Abstract

This article addresses the performances of ‘the actors of Cricot2’, after the death of the director of Cricot2, Tadeusz Kantor, in 1990. It examines the nature of the performance methods Kantor employed, particularly in relation to the bio-object, the theatre of death and the work of ‘the reality of lowest rank’ in which the abject object, be it actor, mannequin, prop, or materials from the set, contributed to a brutal challenge to reality. Rather than the savage transcendental sacrifice of the actor in an Artaudian fashion we are left with an apparently bleak array of mad characters, endlessly cycling through repetitive movements, rote phrases and chants—human being at the very limits of any form of representational activity. These were actors from another world, ushered in through the abject poverty of their performance environments and stage relations.The article also explores the work of the company, post 1990. The theoretical structure is elaborated through Bataille and an economy of waste that is articulated in relation to Kantor's own manifestos.
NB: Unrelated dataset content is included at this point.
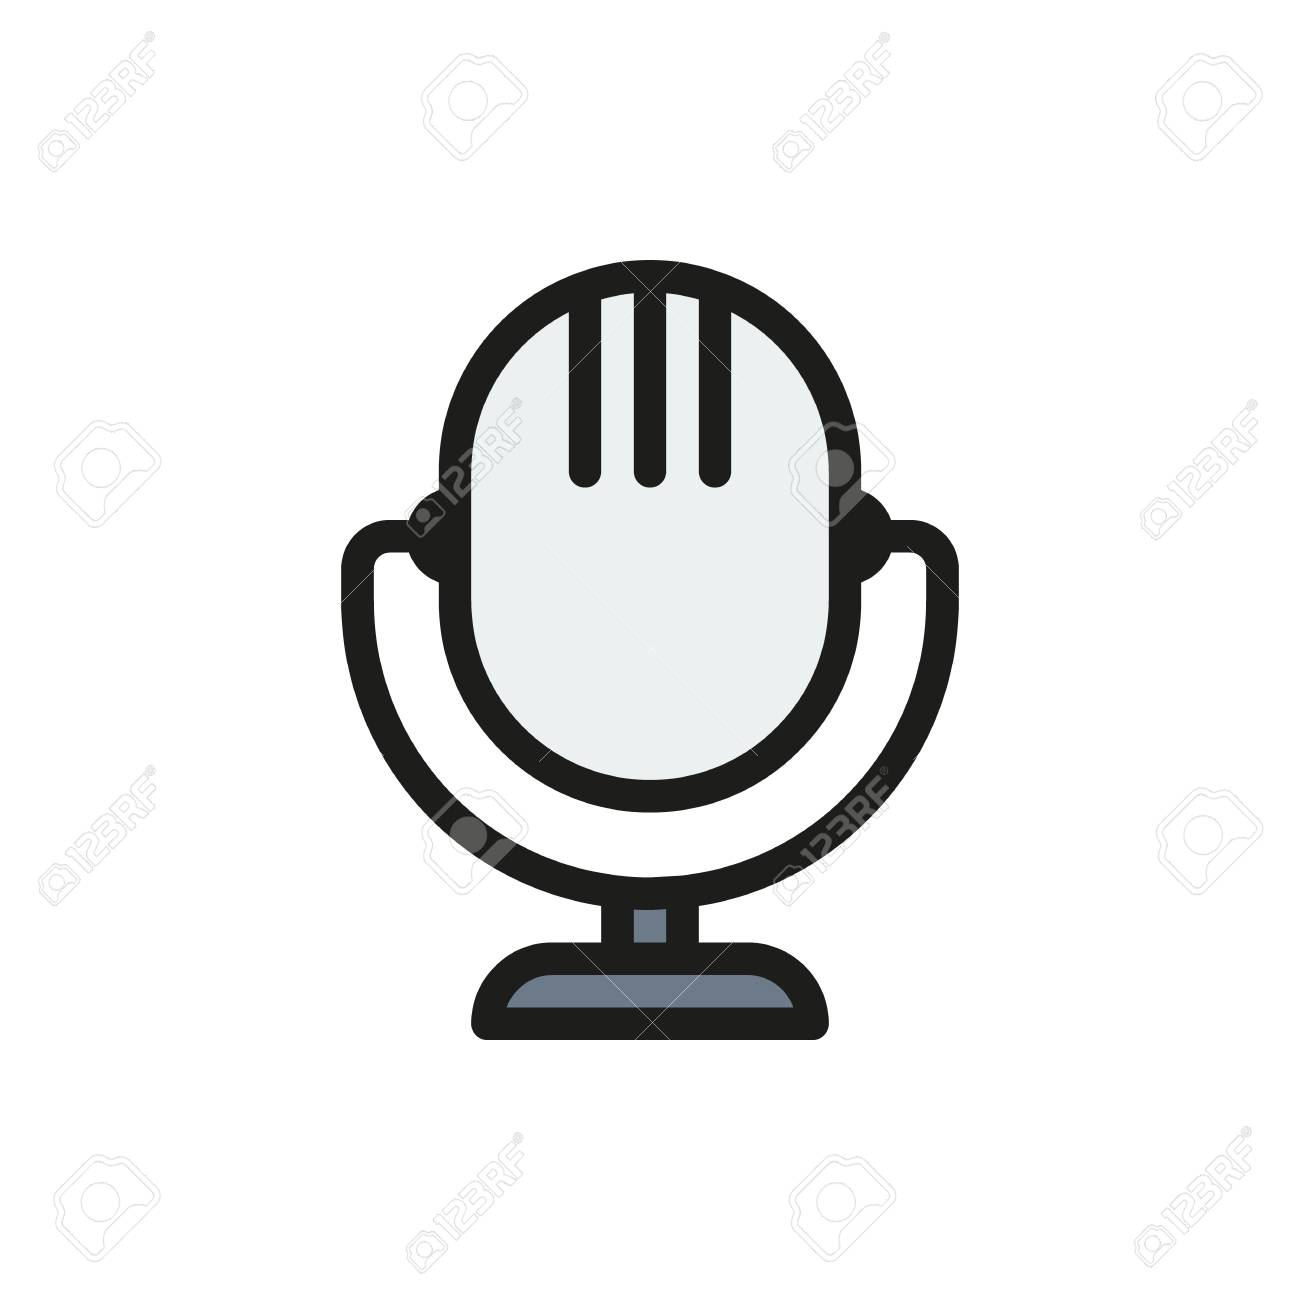 Icono De Microfono Retro Sobre Fondo Blanco Creado Para Movil Web

The poor object and mad story emerge as means by which to challenge theatre space and generate a performance methodology that does not die with it's theorist but is vibrantly alive through its engagement with the abject—an element often deployed through body art performance processes, but one that encounters difficulty in other modes of representational theatre. The work of the Cricot2 actors finds another marginalised space of ‘acting dead’ through which to ‘show’ the abject, neither as fully present (through blood and bodily waste) but not simply absent (as in the category of artifice in the conventional stage play).